───── DATA PROVIDED ─────

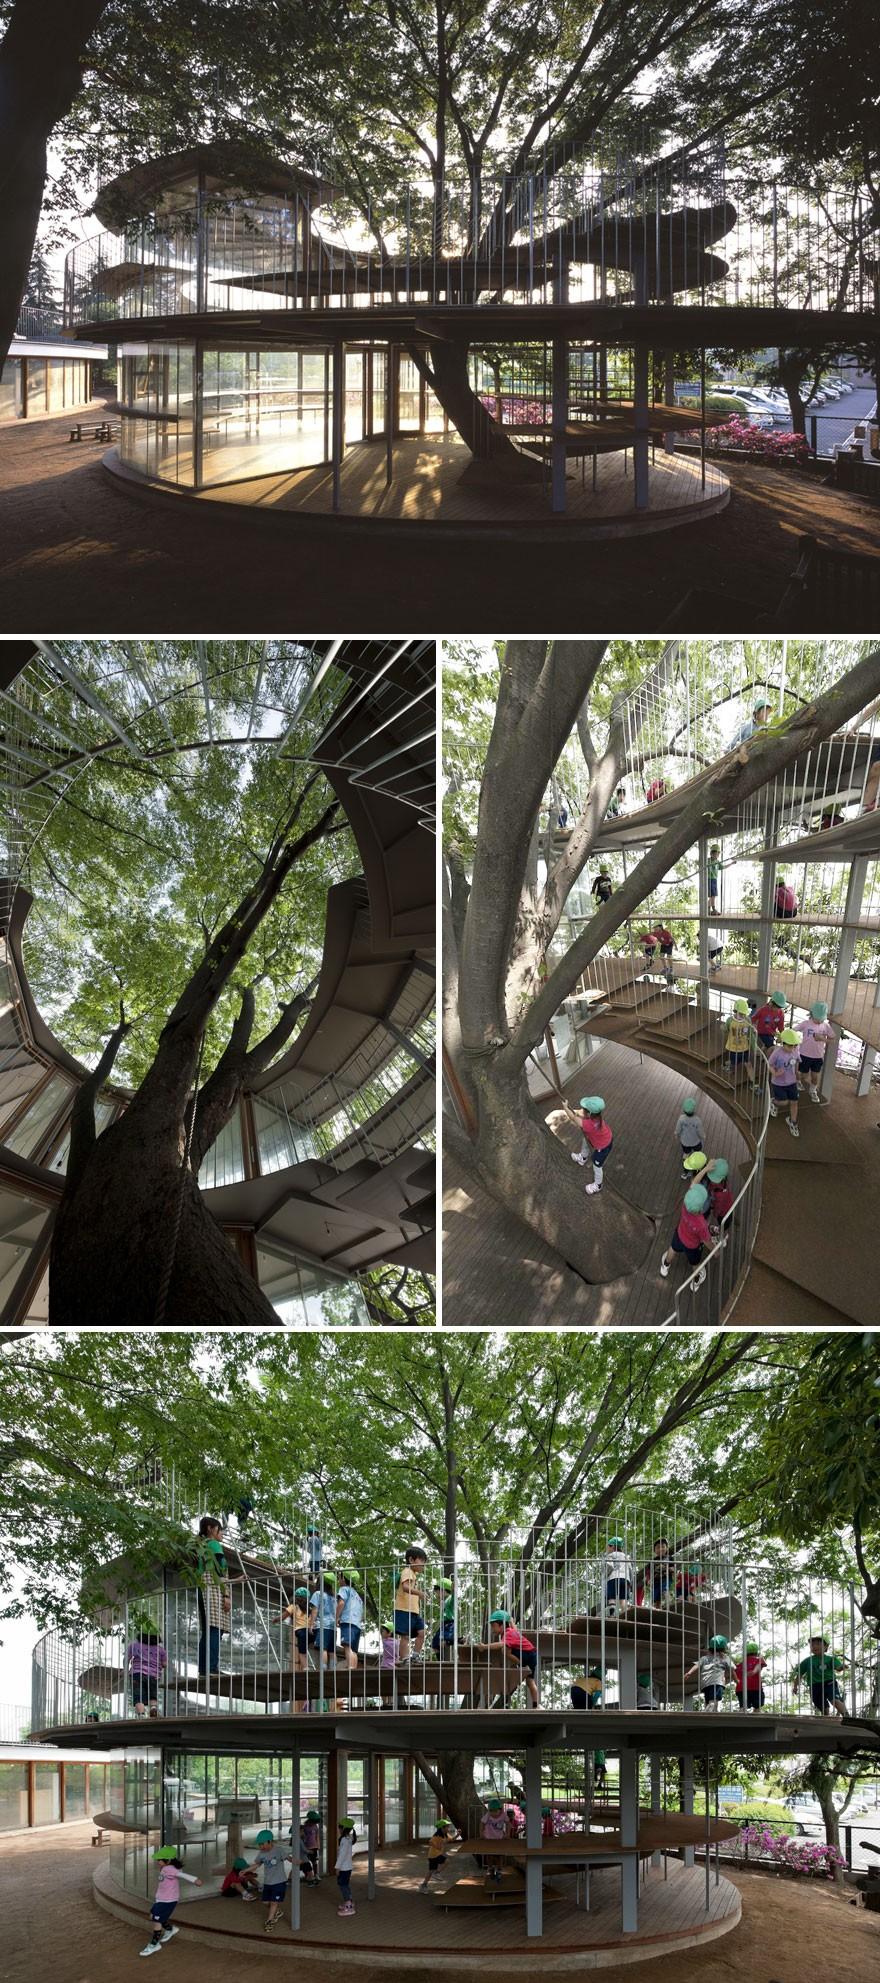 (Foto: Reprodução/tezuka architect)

─────
───── DATA PROVIDED ─────

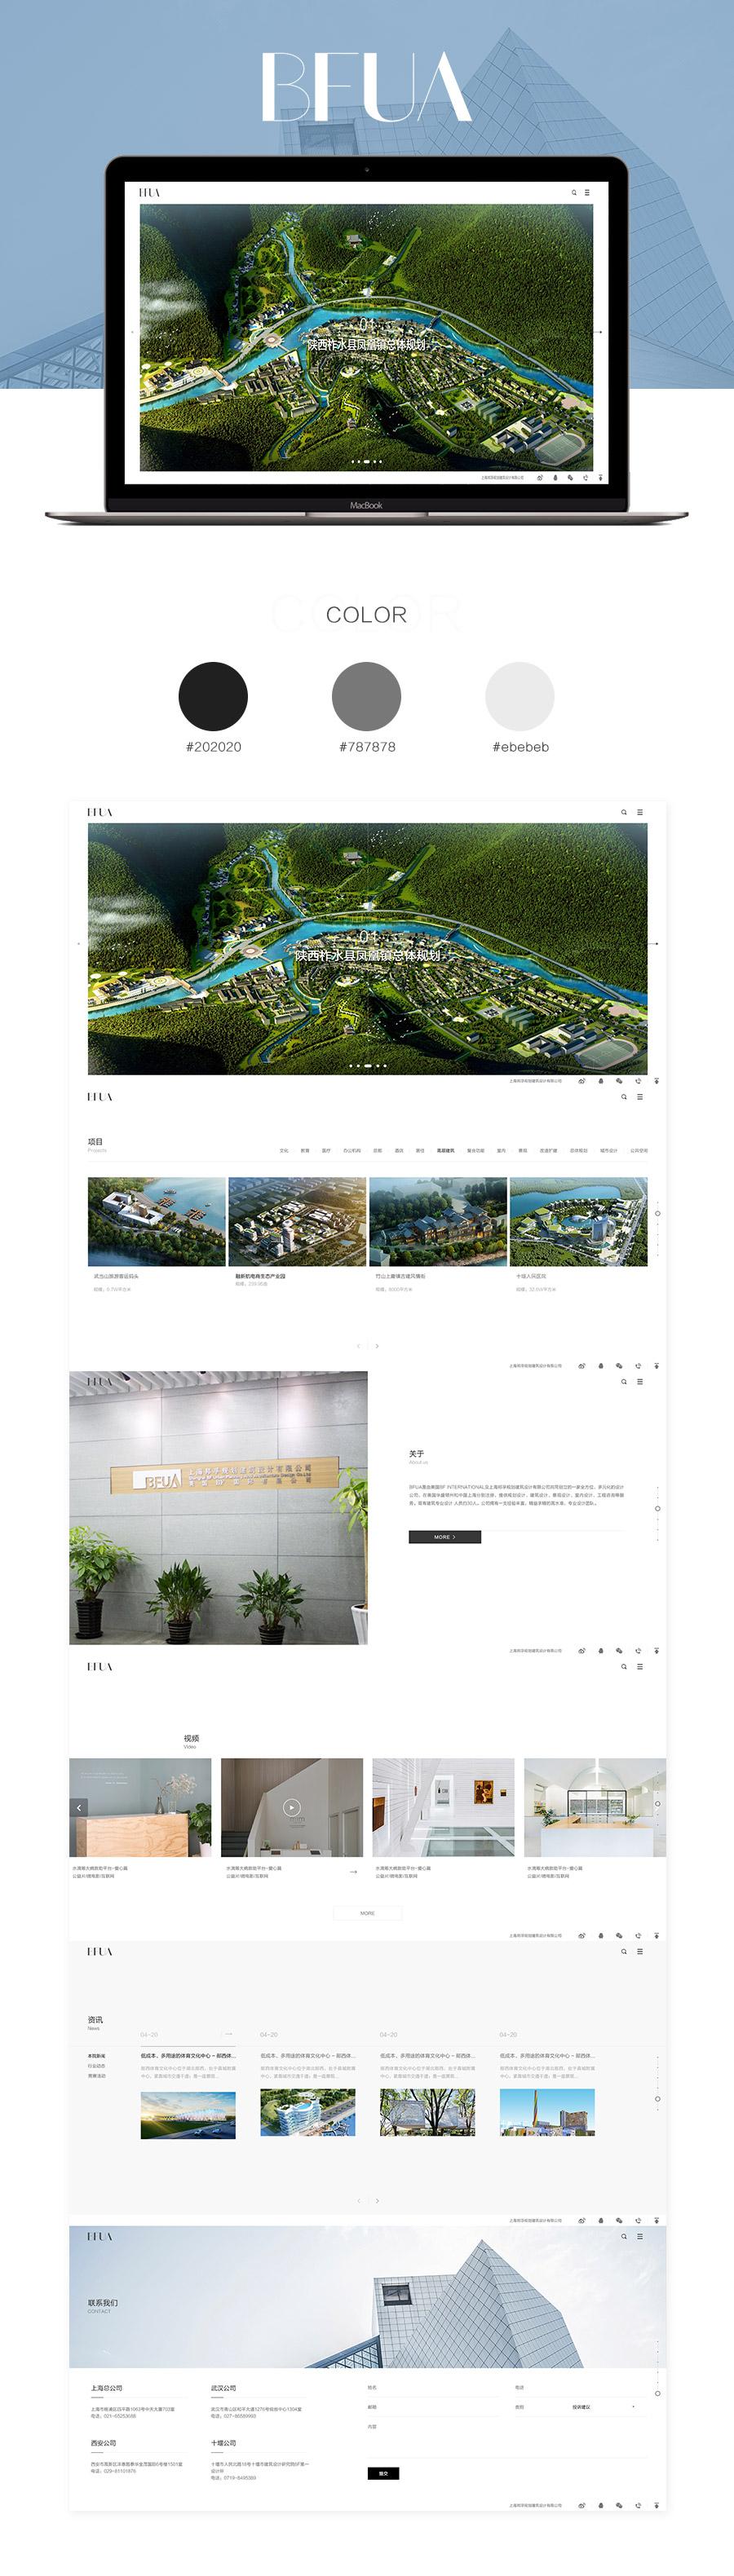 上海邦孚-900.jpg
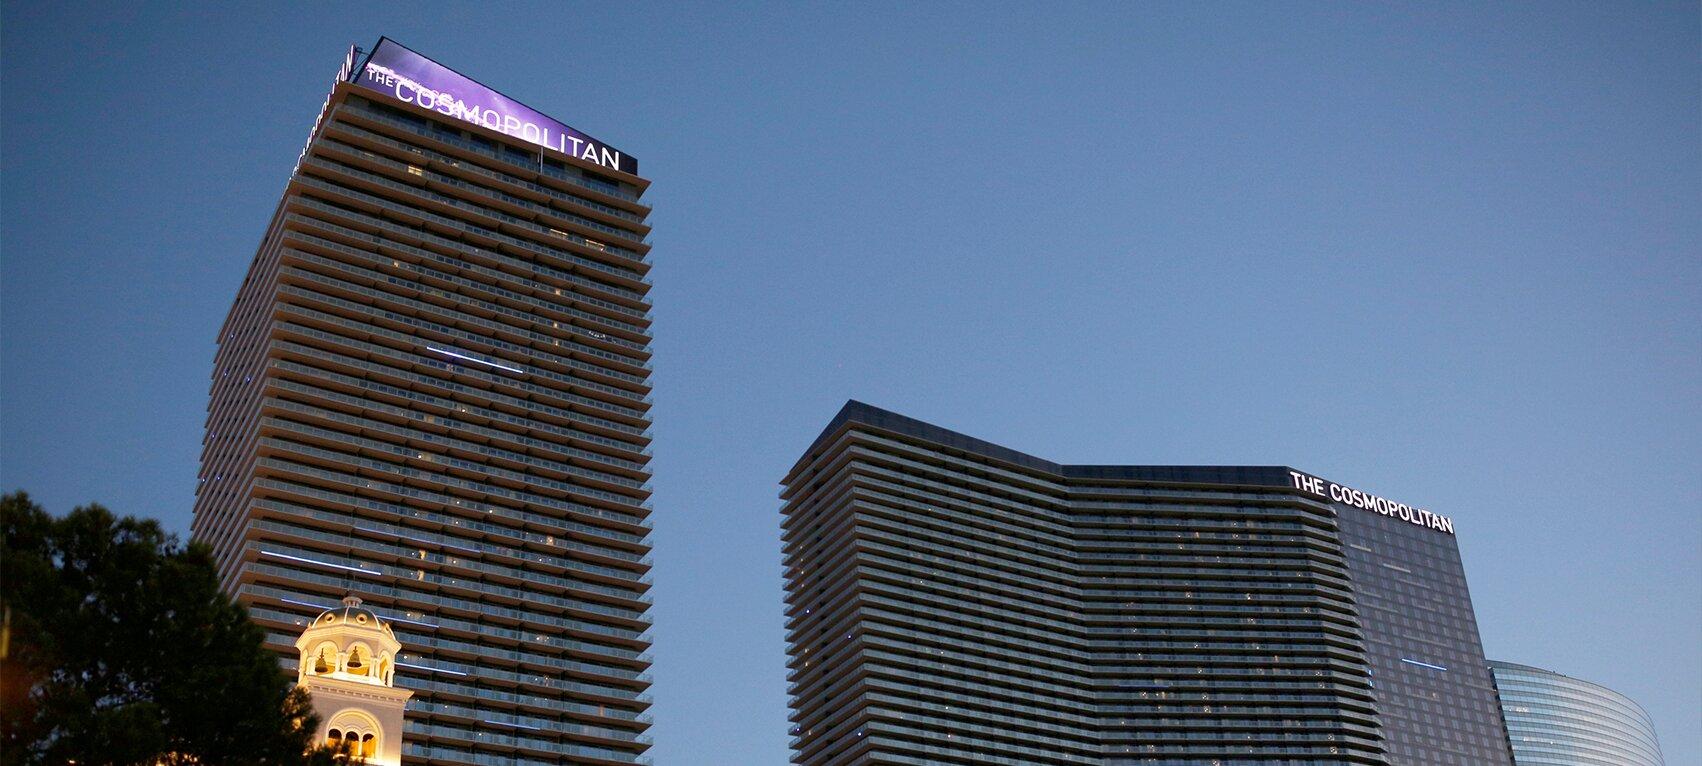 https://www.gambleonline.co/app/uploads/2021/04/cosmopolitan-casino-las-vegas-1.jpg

─────
───── DATA PROVIDED ─────

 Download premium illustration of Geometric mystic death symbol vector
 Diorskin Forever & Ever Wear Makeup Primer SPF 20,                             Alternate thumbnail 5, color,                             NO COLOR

─────

_WHAT THE EXERCISE ASKS_
Beginning at the line above with "Download premium illustration" and finishing at the line with "Diorskin Forever &", return each line exactly and return nothing else.

_EXERCISE OUTPUT_
 Download premium illustration of Geometric mystic death symbol vector
 Diorskin Forever & Ever Wear Makeup Primer SPF 20,                             Alternate thumbnail 5, color,                             NO COLOR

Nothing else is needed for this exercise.